▸ **Data segment**
+ + +

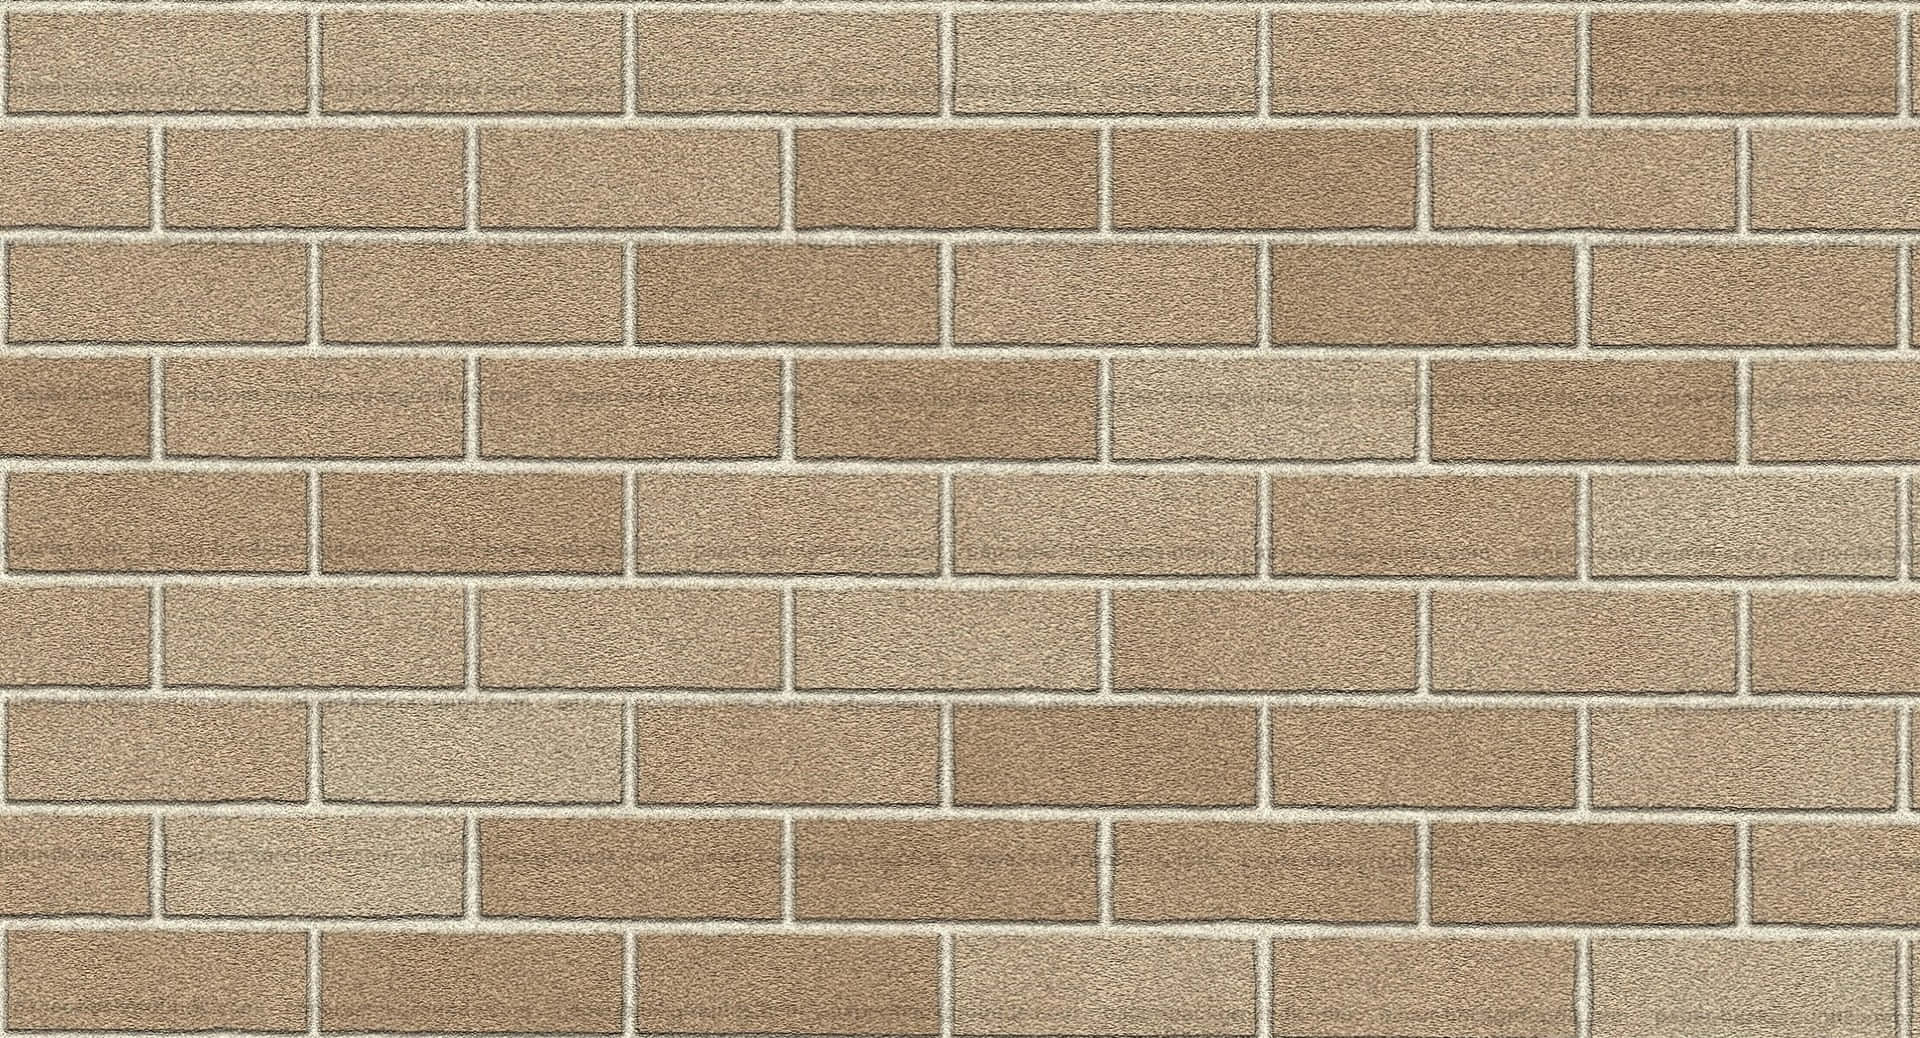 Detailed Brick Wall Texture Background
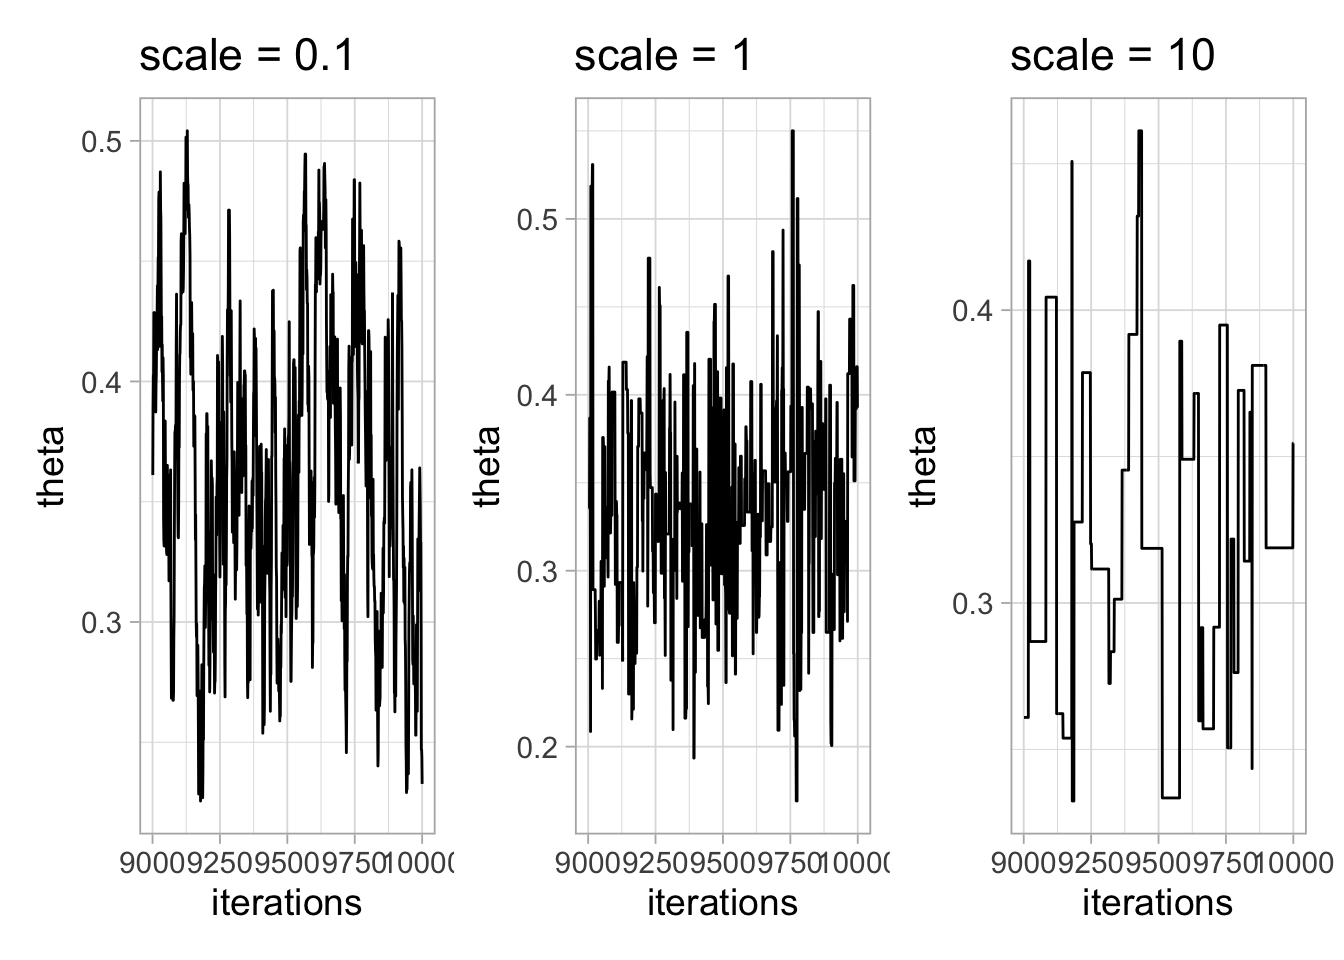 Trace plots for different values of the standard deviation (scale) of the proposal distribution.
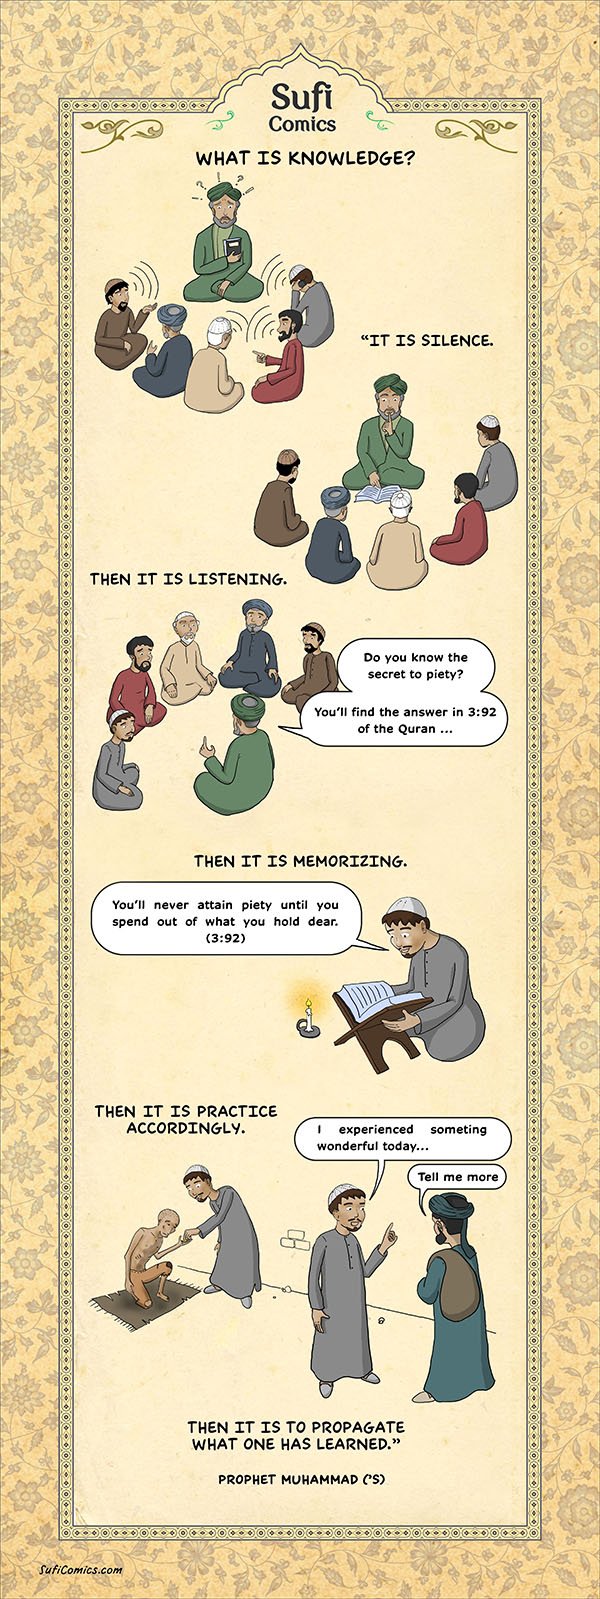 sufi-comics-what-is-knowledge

+ + +

▸ **Work item**
Set down nothing but the lines from the one containing "Trace plots for" to the final line above, both included, with every picture left out.

▸ **Your solution**
 Trace plots for different values of the standard deviation (scale) of the proposal distribution.
 sufi-comics-what-is-knowledge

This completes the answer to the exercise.